*** Opening The records ***

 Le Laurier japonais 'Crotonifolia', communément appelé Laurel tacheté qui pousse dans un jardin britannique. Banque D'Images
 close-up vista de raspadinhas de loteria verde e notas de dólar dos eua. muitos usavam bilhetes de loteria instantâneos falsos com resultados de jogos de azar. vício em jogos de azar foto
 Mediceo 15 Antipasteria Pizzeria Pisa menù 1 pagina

*** Closing The records ***
*** Opening The records ***

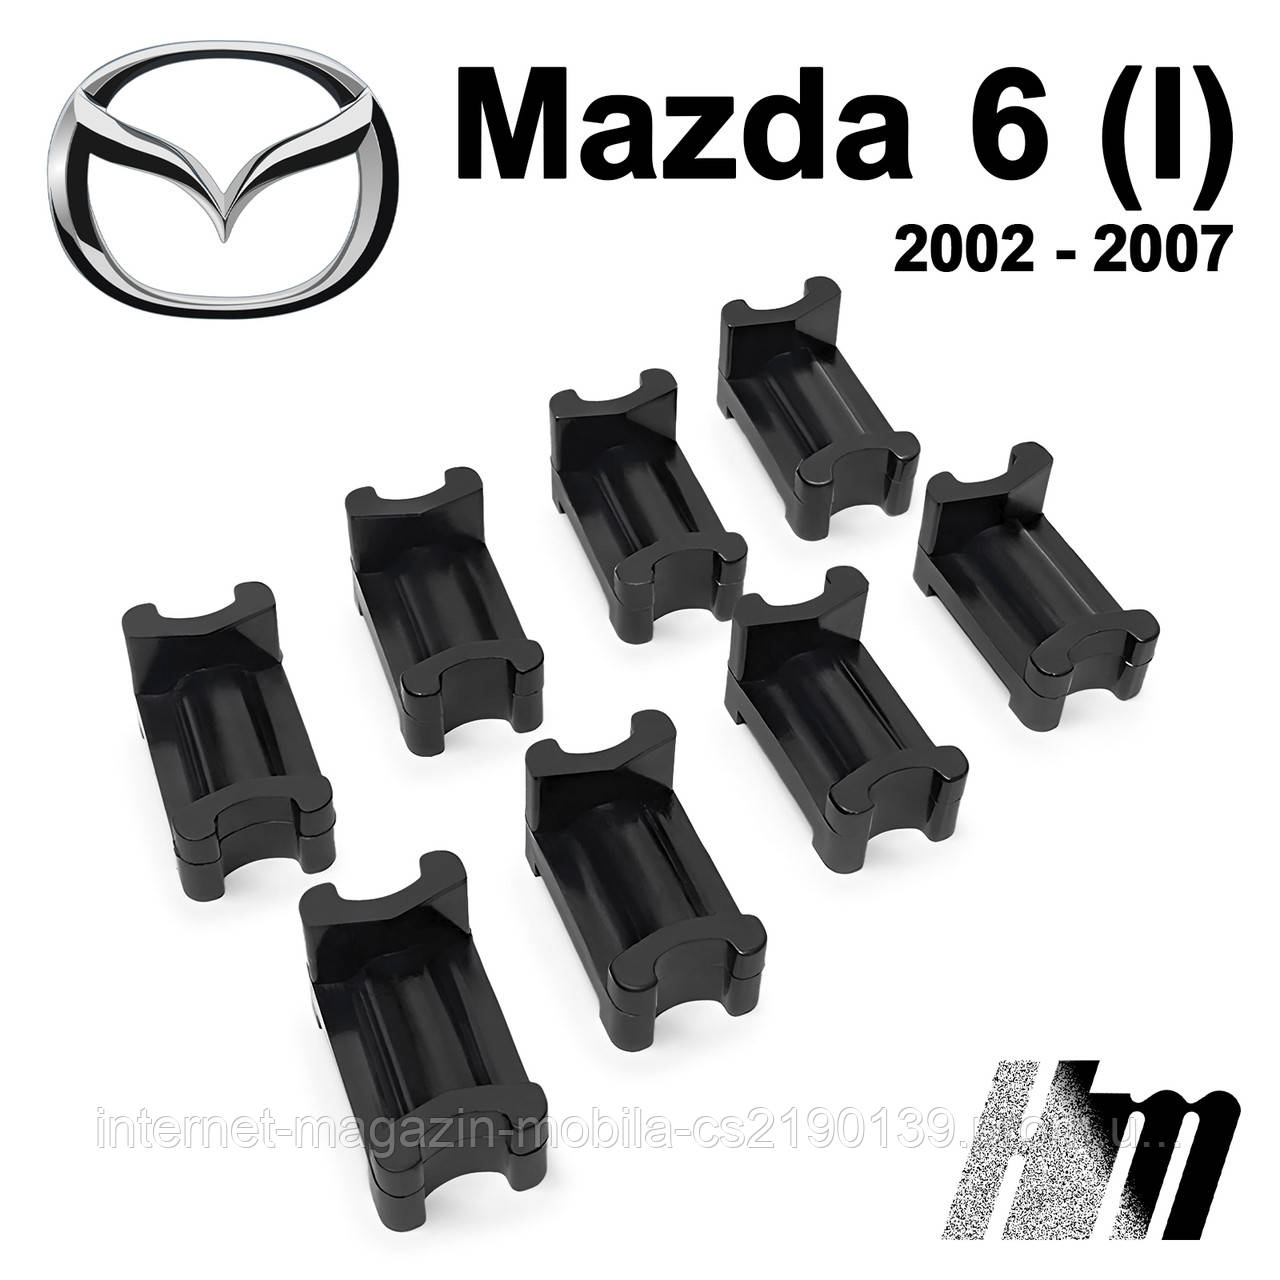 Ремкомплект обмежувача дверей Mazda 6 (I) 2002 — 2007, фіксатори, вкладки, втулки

*** Closing The records ***
*** Opening The records ***

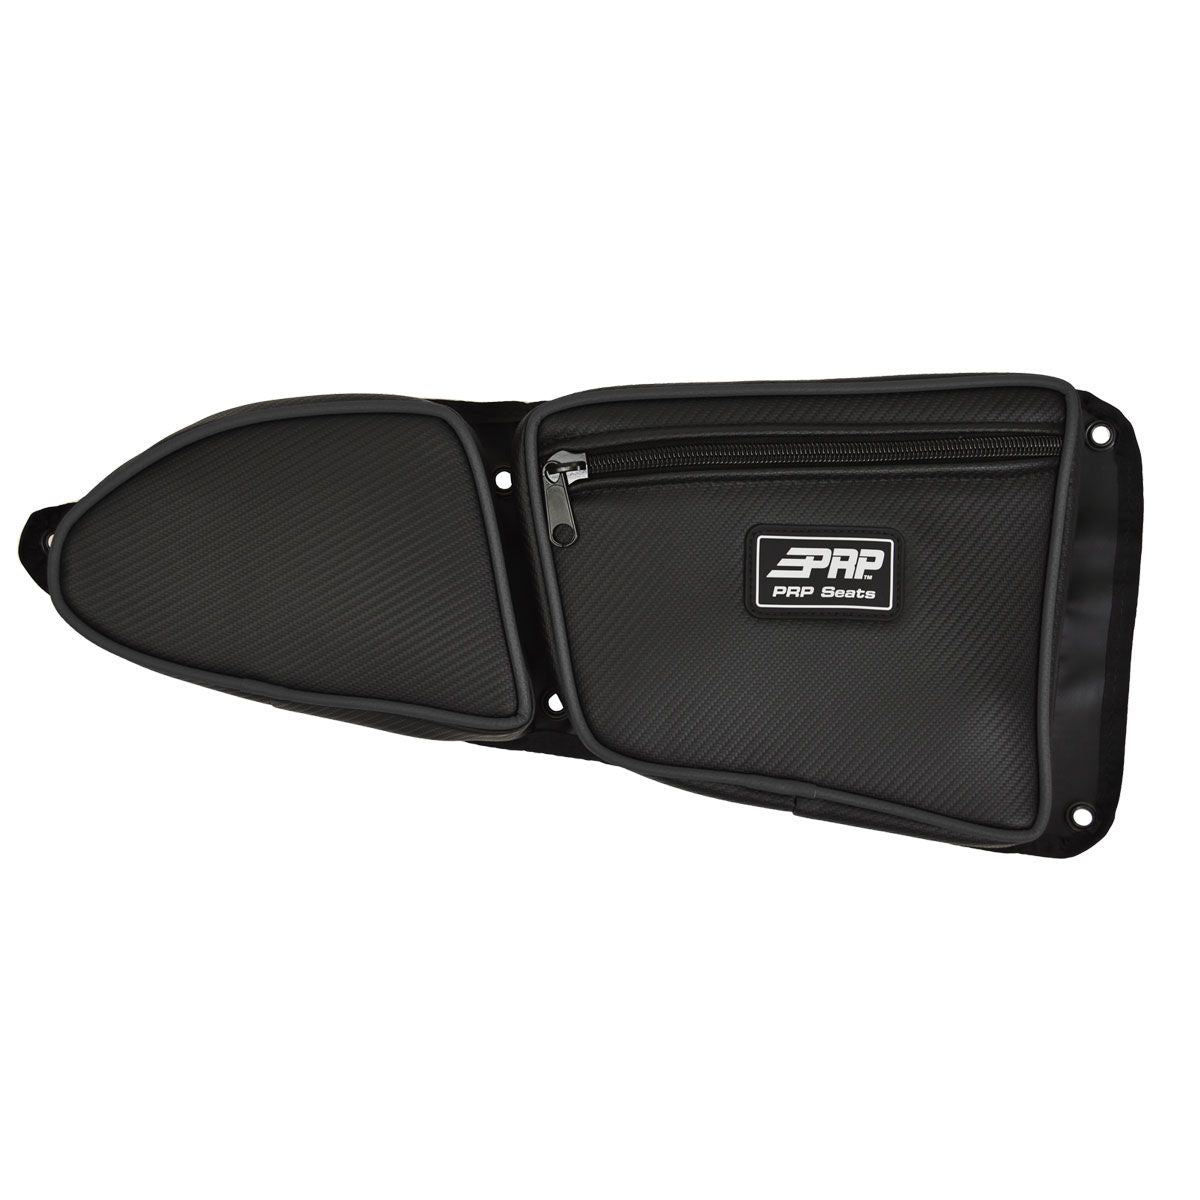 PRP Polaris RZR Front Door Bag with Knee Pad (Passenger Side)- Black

*** Closing The records ***

> [What to work on]
What you return should be exactly the lines above, starting at the one with "close-up vista de" and ending at the one with "Mediceo 15 Antipasteria", and nothing else.

> [Solved problem]
 close-up vista de raspadinhas de loteria verde e notas de dólar dos eua. muitos usavam bilhetes de loteria instantâneos falsos com resultados de jogos de azar. vício em jogos de azar foto
 Mediceo 15 Antipasteria Pizzeria Pisa menù 1 pagina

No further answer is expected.